Why so negative? That might be what many viewers of campaign ads wonder with each new presidential campaign season. And why does so much of the record sums raised by candidates go for advertising, both positive and negative? Scott Althaus is a professor of political science and of communication who studies campaign media and advertising strategies, and their effects on voting behavior. Althaus was interviewed by News Bureau social sciences editor Craig Chamberlain.
Many voters say they hate negative campaigns, so why do candidates run them?
Campaigns go negative, in part, to get important information out that the news media may not be inclined to get out. Typically the strategy is to try to reduce the opponent's positive ratings among voters and hope that doing so doesn't produce a rebound effect that draws down the favorability ratings of the candidate who sponsored the ad. We see negative campaigning throughout American history. We can go back to the election of 1804, in which Thomas Jefferson was re-elected, and in that campaign they didn't have 30-second spots in the way that we do right now, but they had campaign songs that were printed in newspapers. One of the songs used against Jefferson, sung to the tune of "Yankee Doodle Dandy," made reference to his alleged illicit relationship with one of his female slaves, Sally Hemings: "When pressed by load of state affairs, I seek to sport and dally; the sweetest solace of my cares is in the lap of Sally." That's negative, that's hard hitting, and that was 200 years ago. There's nothing new about negative campaigning. What's new is a better understanding of when, strategically, it's going to advantage one side or the other.
You believed early on that this campaign was destined to be especially negative. Why?
Typically when we're going into a presidential election cycle, one of the two candidates will be either the incumbent or his vice president. This election in 2008 is the first time in 56 years we've had two non-incumbent politicians running for president. Because of that, neither side can claim a clear hold on, or take the blame for, the record of the incumbent. That means that the information that's exchanged within the campaign is going to be potentially more important for shaping perceptions about which of these two politicians is more likely to do a good job in office.

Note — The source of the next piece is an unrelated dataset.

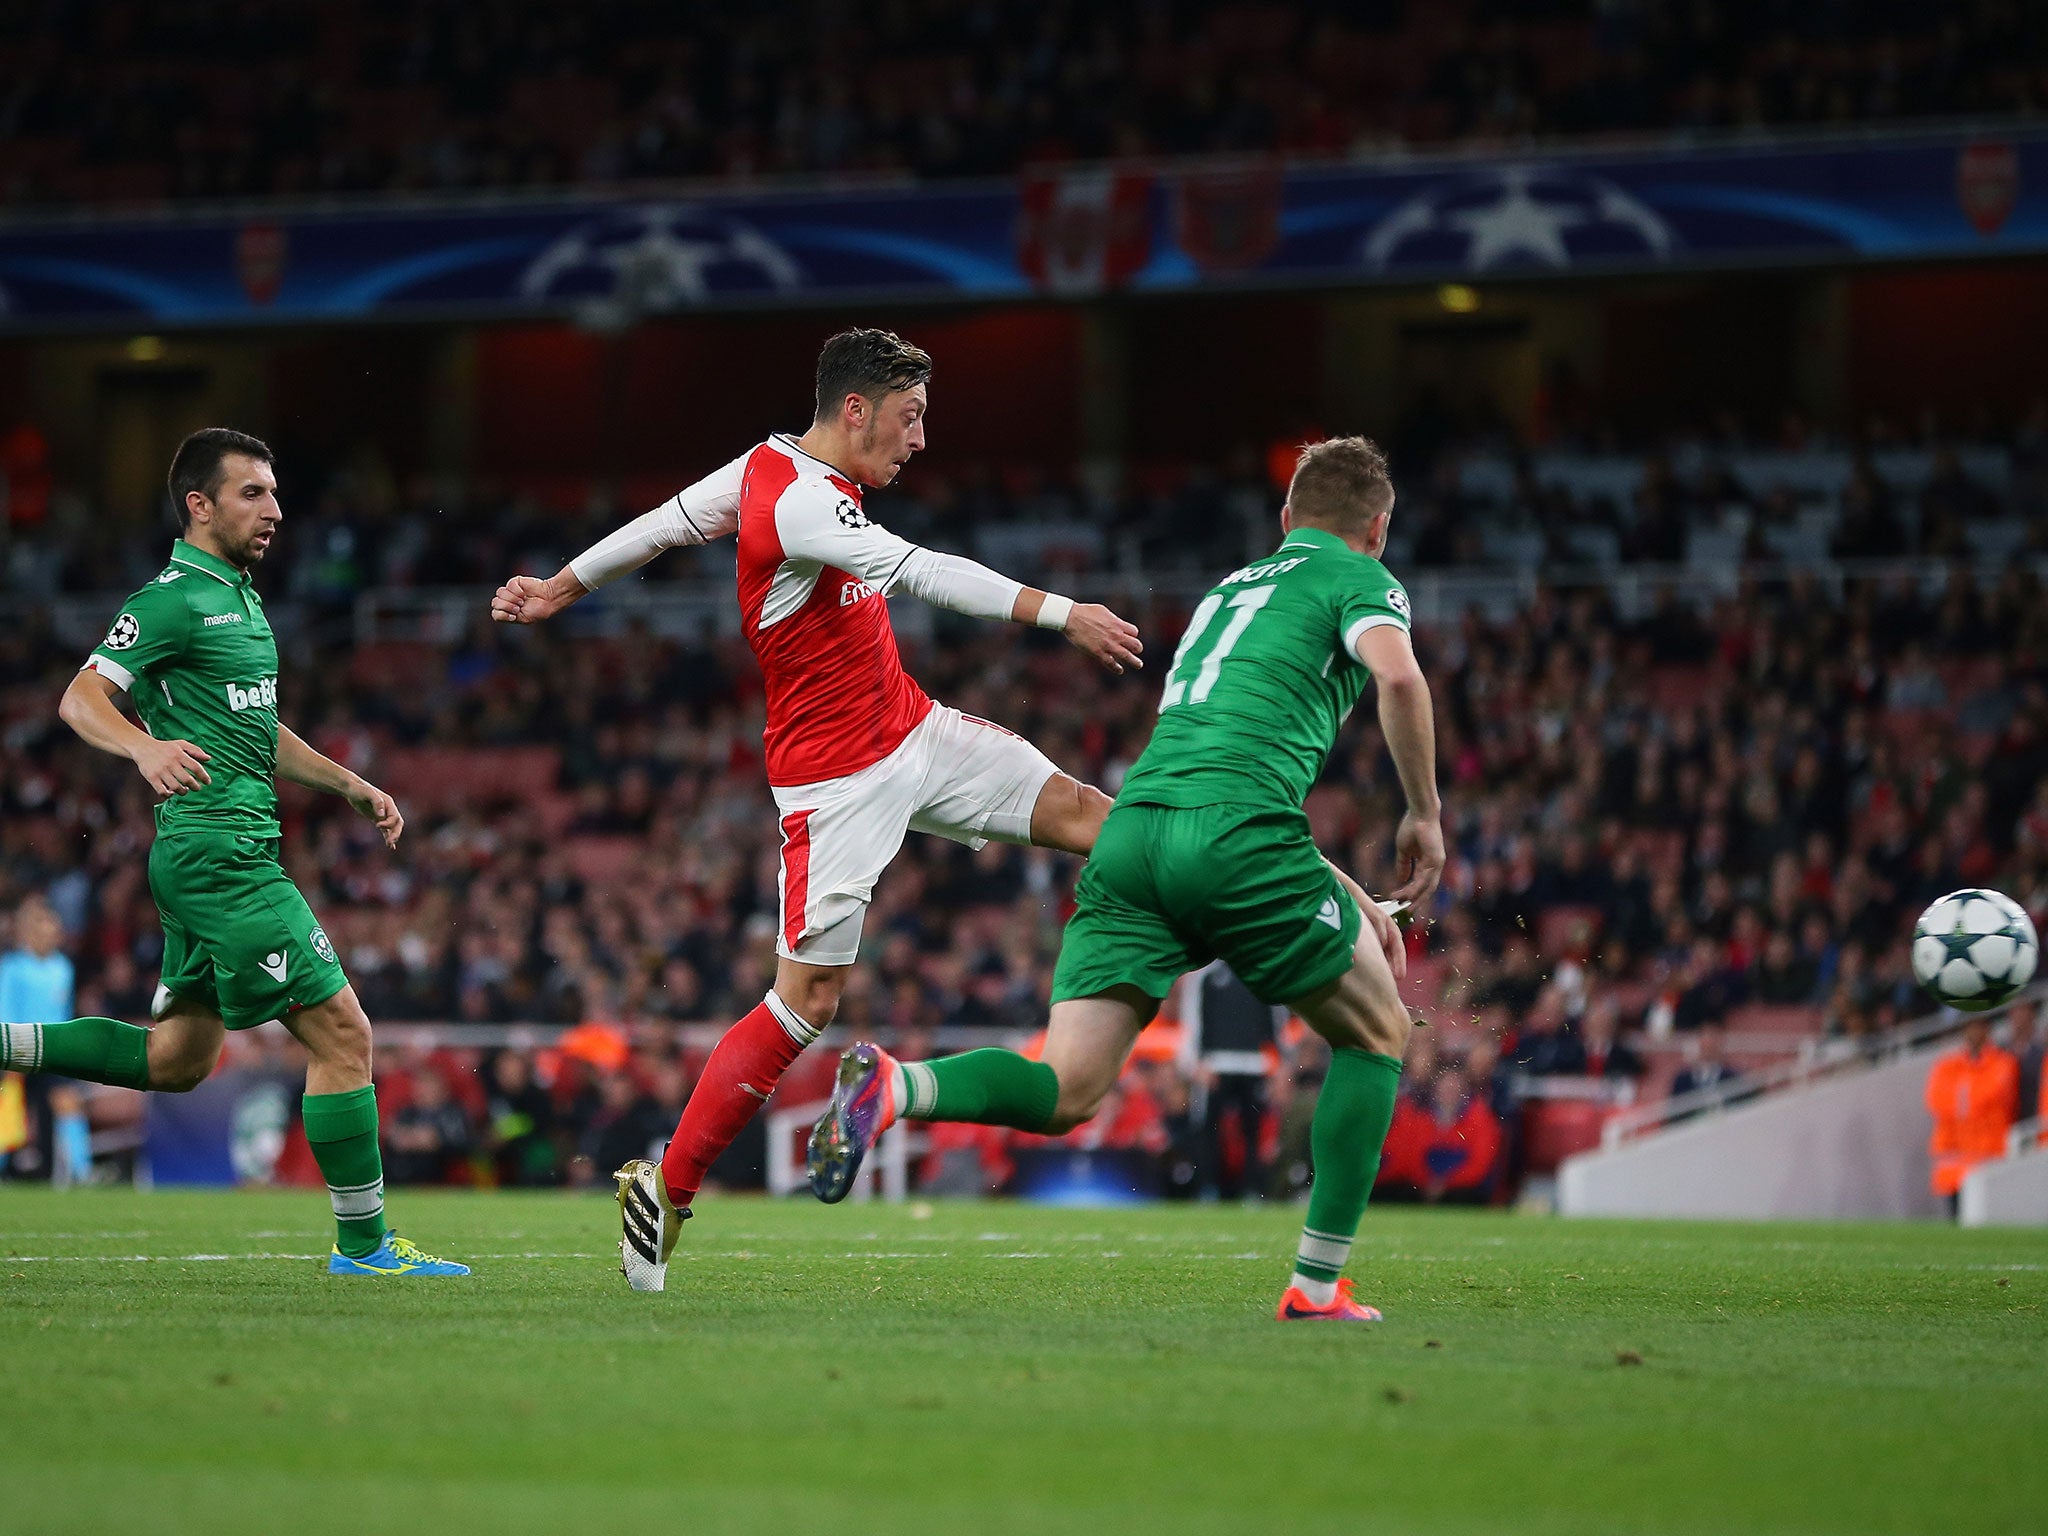 Mesut Ozil volleys home his third goal at The Emirates

And because neither one is terribly well known, there's an opportunity for each side to try to discredit the other, and to try to paint the other side in the most negative light.
Why are ads so important in a campaign?
We have seen a tendency over time for more and more Americans to tune out from news of politics and government. Given this tendency, it becomes more and more challenging for campaigns to try to reach citizens with information they believe is important for citizens to consider on election day. If the campaigns can't do it through the mainstream news media, or if the mainstream news media put up a filter that focuses on certain events or certain issues rather than the ones the campaigns would like to talk about, then paid advertising becomes the vehicle through which the campaigns try to directly engage with the voters. A fair amount of campaign advertising aired during the general election season is placed in entertainment programming, where citizens are not necessarily looking for information about the campaign.
Can we learn anything from campaign ads?
Many people like to complain about ads being vacuous and trying to distract people from the real issues. But stepping back from that, it's also the case that the ads contain a lot of important information about the candidates' issue priorities and the kinds of policy promises that they intend to keep down the road if they are elected. There's a fair amount of research suggesting that the ordinary citizen can pull a great deal of policy-relevant information out of a 30-second ad, and in some ways more information than you might get from the typical minute-and-a-half news story.
Do ads actually change many voters' minds?
Traditionally, in the last several decades, it was thought that the main purpose of advertising was to persuade people who were undecided or independent, who weren't committed to one side or the other. Over time, however, it's become clearer that there are fewer people in the electorate whose minds aren't made up come election day. For that reason, while campaigns have not given up on trying to persuade independent voters, another purpose of ads is to motivate people already likely to support a candidate, but who may not be likely to get up and go to the polls and cast a ballot. You don't need to convince those likely supporters that you're the better candidate; you need to convince them to do something about it. And that's why we're seeing a lot of the negative advertising today, from both sides, that to some observers seems absurd and full of distortions and untruths. These ads aren't intended to win over the undecided voter so much as to draw media attention toward the candidate's preferred issues and to motivate the candidate's own base of likely supporters.